'''
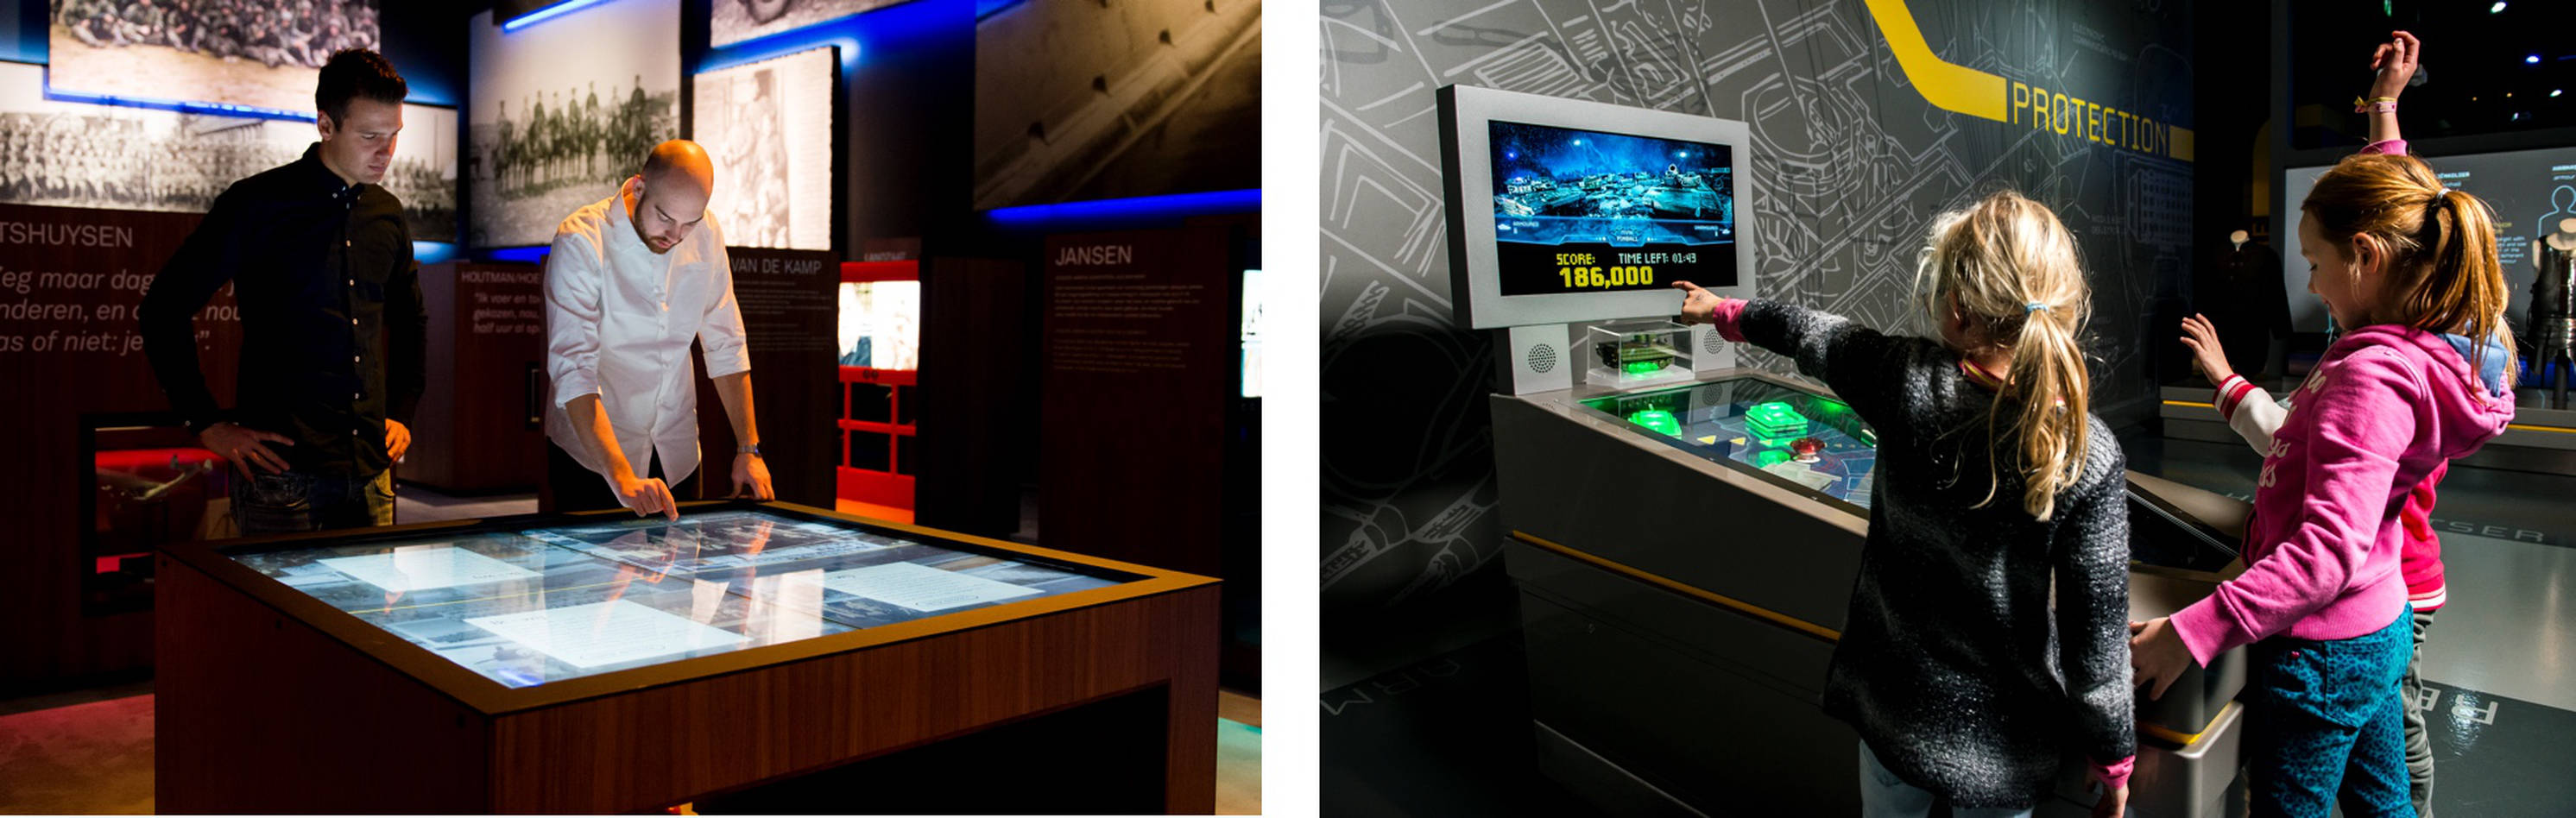 Interactives Nationaal Militair Museum door Fabrique
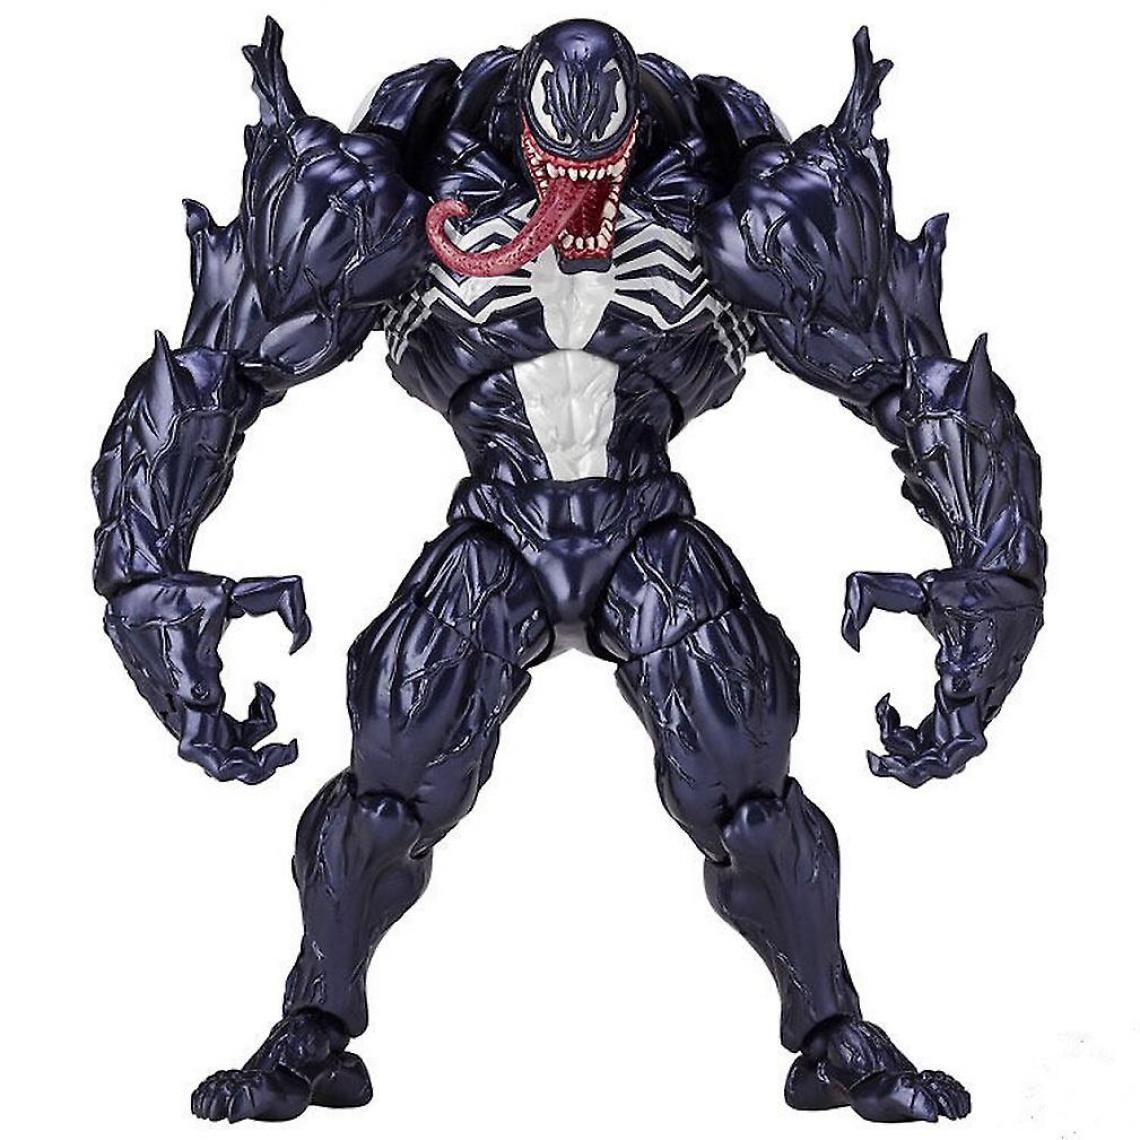 Universal - Amazing Spider-Man Mountain par Venom Eddie Brock Image Toy() - Mangas
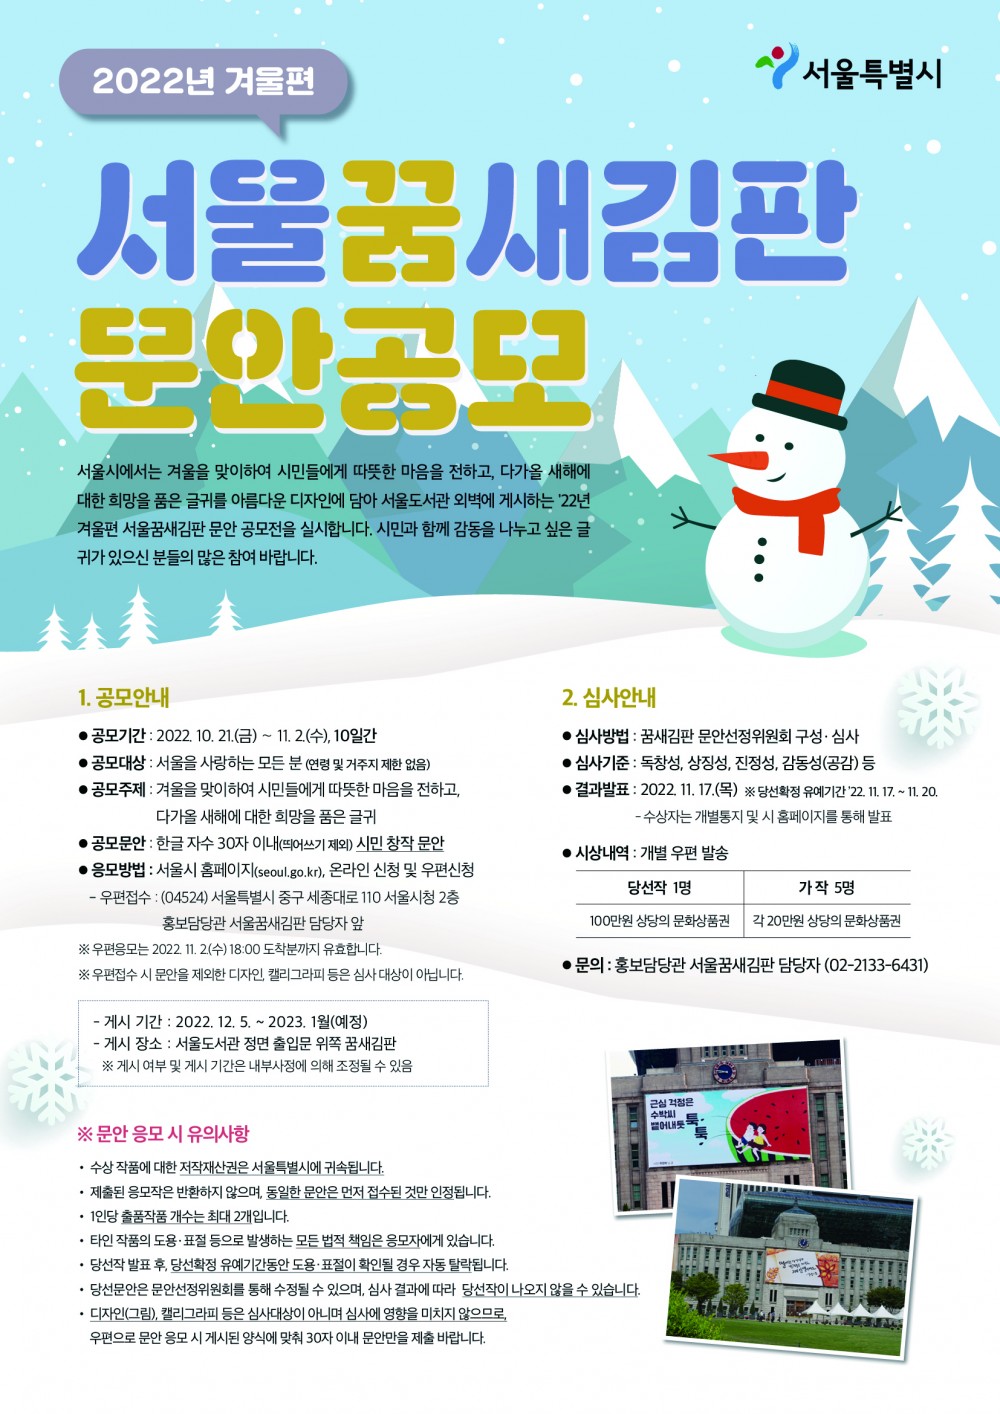 붙임 2. 2022년 겨울편 서울꿈새김판문안 공모 포스터
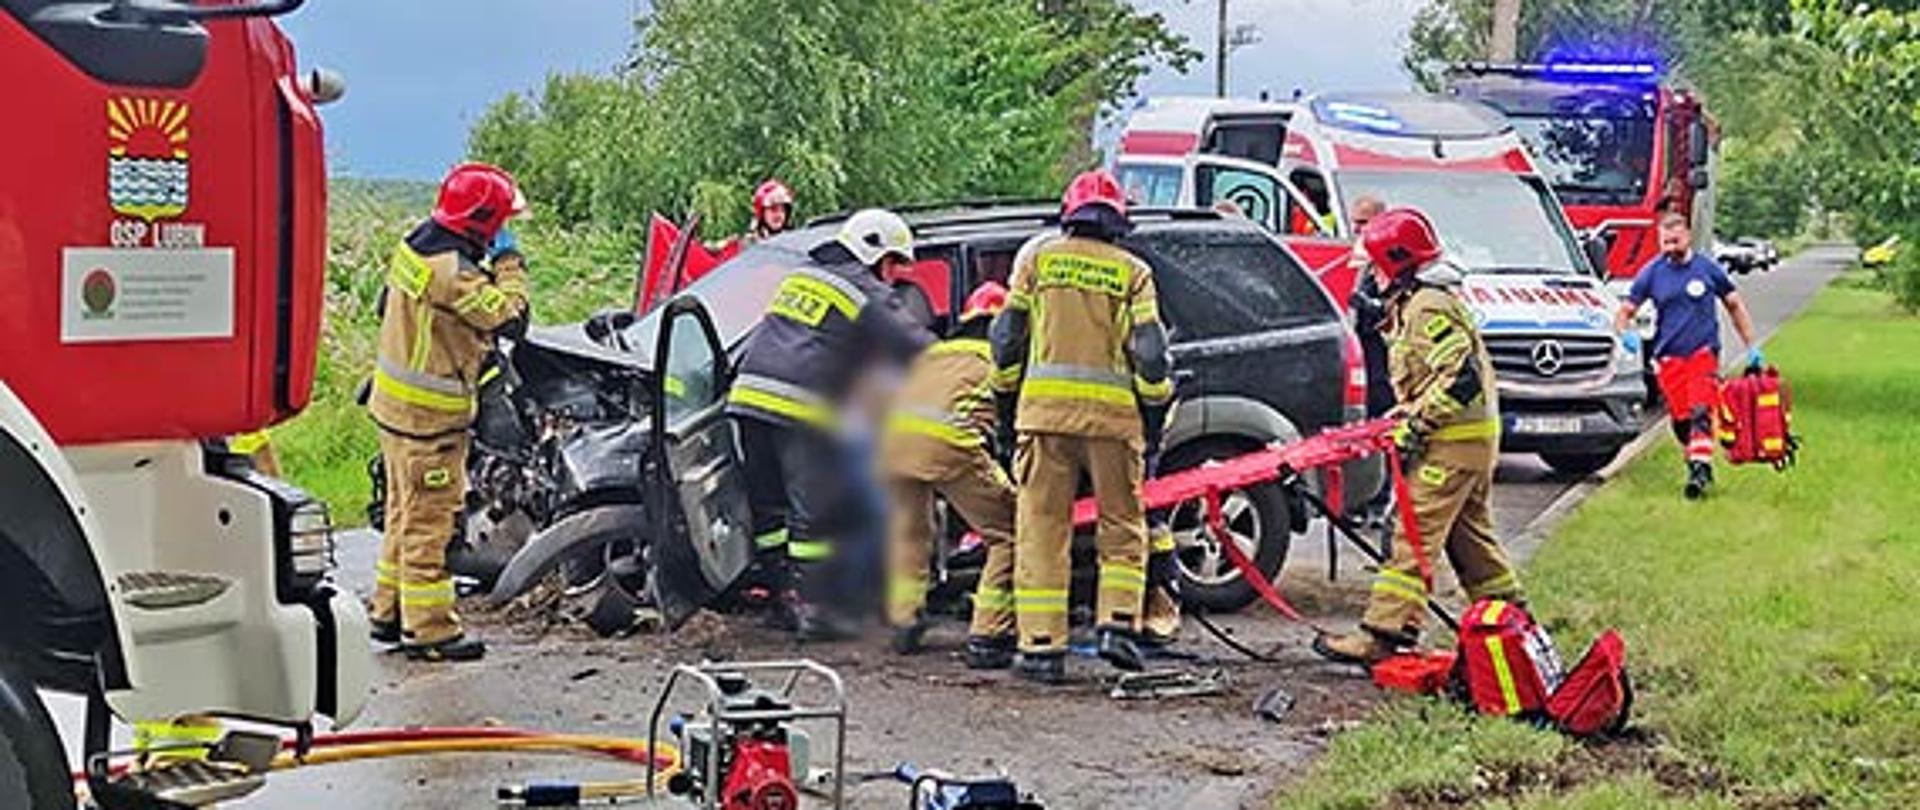 Zdjęcie przedstawia wydostanie poszkodowanej osoby przez strażaków z rozbitego pojazdu który stoi na drodze.
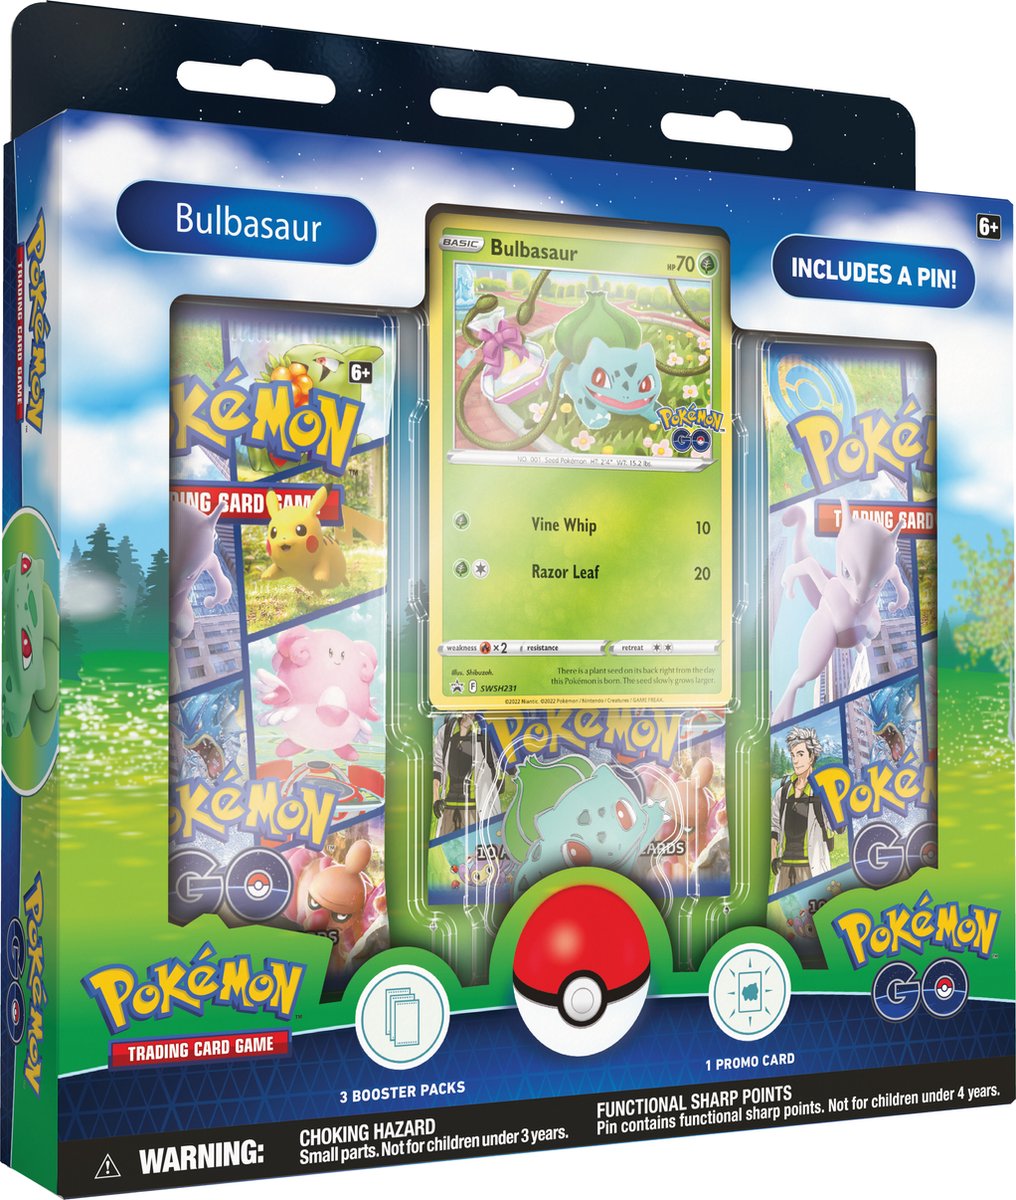 Pokémon Go Bulbasaur Pin Box
'''
### Exercise aim
Where the line containing "Zdjęcie przedstawia wydostanie" appears, begin writing out the lines word for word, and continue through the last line of the data, leaving out pictures.

### Answer to this problem
 Zdjęcie przedstawia wydostanie poszkodowanej osoby przez strażaków z rozbitego pojazdu który stoi na drodze.
 Pokémon Go Bulbasaur Pin Box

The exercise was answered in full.